Although all temperate nut species can be grown in most parts of the continent, not all will thrive or produce nuts in each area. The goals of the homeowner, hobbyist, and professional nutgrower will vary signficantly.
Yard plantings are often space-limited or potential spots are predetermined. Although in one's lifetime it may not be as much of an issue, keeping a pecan or walnut tree a reasonable size will be more difficult than a most chestnut or hazelnuts (which are often shrubby.) If a site is pre-determined, and doesn't get as much sun, hazelnuts should be considered.
For all, the nut species must be suited to location. For example, pecans will grow and produce a nice shade tree with beautiful fall colors anywhere in the country, but may not have the growing season to produce nuts if planted in the north. English walnuts tend to leaf out earlier in the spring than other nuts, so locations with late spring frosts can be damaging. Chestnuts generally demand an acidic soil.

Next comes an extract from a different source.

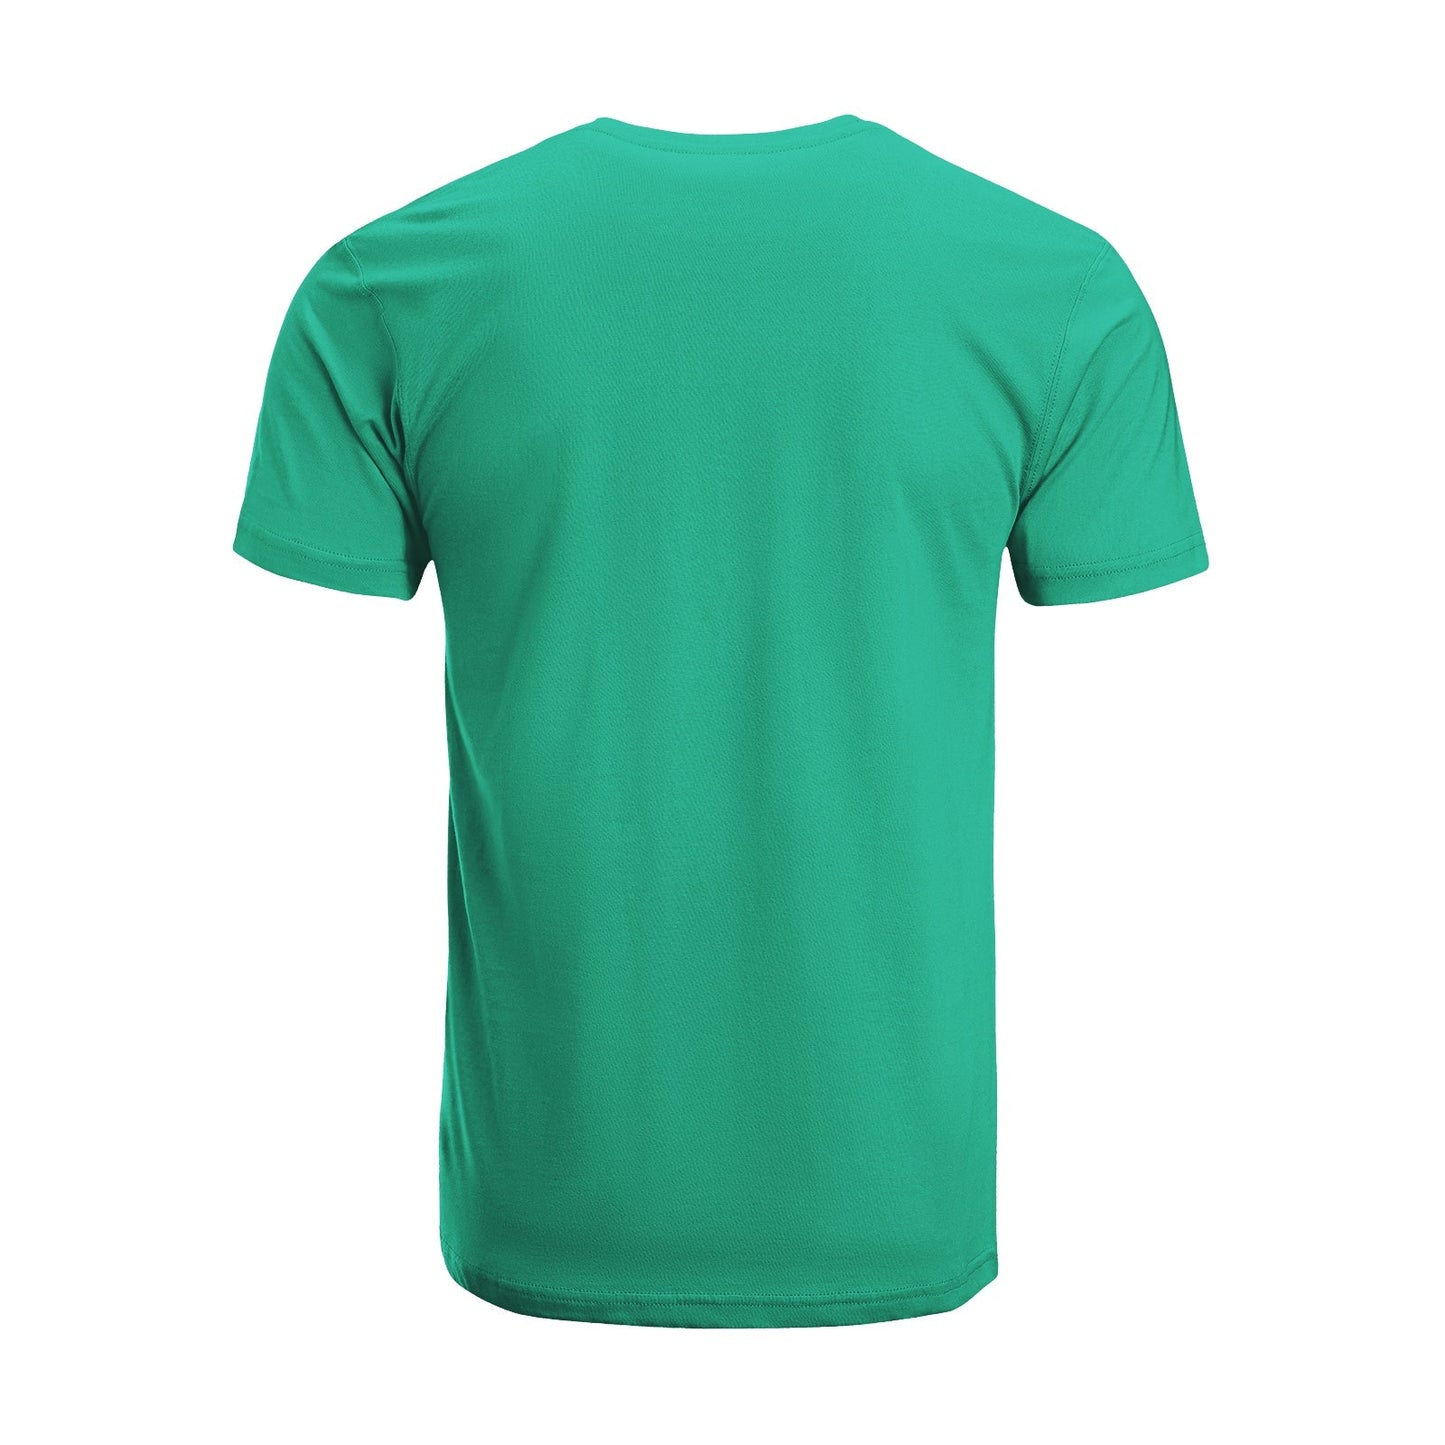 Unisex Short Sleeve Crew Neck Cotton Jersey T-Shirt VEGAN 22

But these species-specific traits can often be worked around. Some pecans are native to southeast Iowa, naturally tolerating a shorter growing season. There are English walnuts that tend to leaf out later in the spring. In addition, planting on north or east facing slopes can delay the process. And to get chestnuts to grow, only part of the soil needs to be amended to make it more acidic. In addition, for any species, several nuts can be planted, and one tree selected, for whatever trait is desired (cold tolerance, compatibility with local soils, etc.)